A combined atmospheric chemistry-meteorology experiment, the Dynamics and Chemistry of the Marine Stratocumulus (DYCOMS), was carried out during the summer of 1985 over the eastern Pacific Ocean using the NCAR Electra aircraft. The objectives were to 1) study the budgets of several trace reactive species in a relatively pristine, steady-state, horizontally homogeneous, well-mixed boundary layer capped by a strong inversion and 2) study the formation, maintenance and dissipation of marine stratocumulus that persists off the California coast (as well as similar regions elsewhere) in summer. We obtained both mean and turbulence measurements of meteorological variables within and above the cloud-capped boundary layer that is typical of this region.
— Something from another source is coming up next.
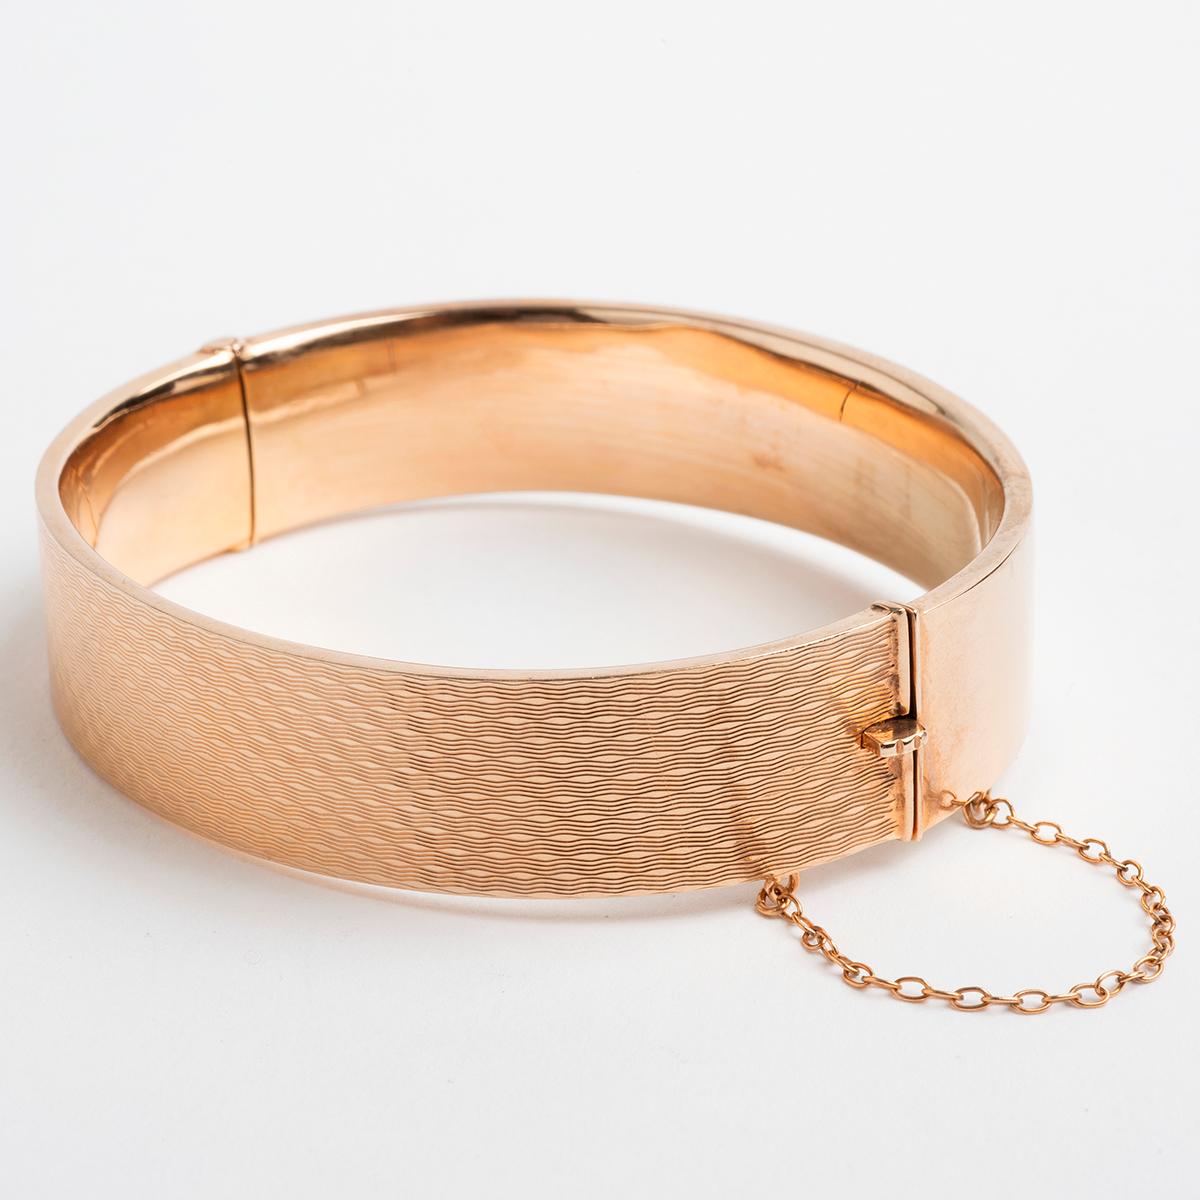 Our rare vintage 9k rose gold wide hinged hollow bangle features a beautiful chequered design, and is secured by a box and tongue clasp with safety chain. Hallmarked Birmingham, U.K., 1939 and SB&S Ltd. The diameter is 5.8cm, weight 13.9g. A pretty

Ozone was used successfully as a tracer for estimating entrainment rate. We found, however, that horizontal variability was large enough for ozone that a correction needs to be included in the ozone budget for the horizontal displacement due to turns even though the airplane was allowed to drift with the wind. The time rate-of-change term was significant in both the ozone and radon budgets; as a result, a considerably longer time interval than the two hours used between sets of flight legs would be desirable to improve the measurement accuracy of this term.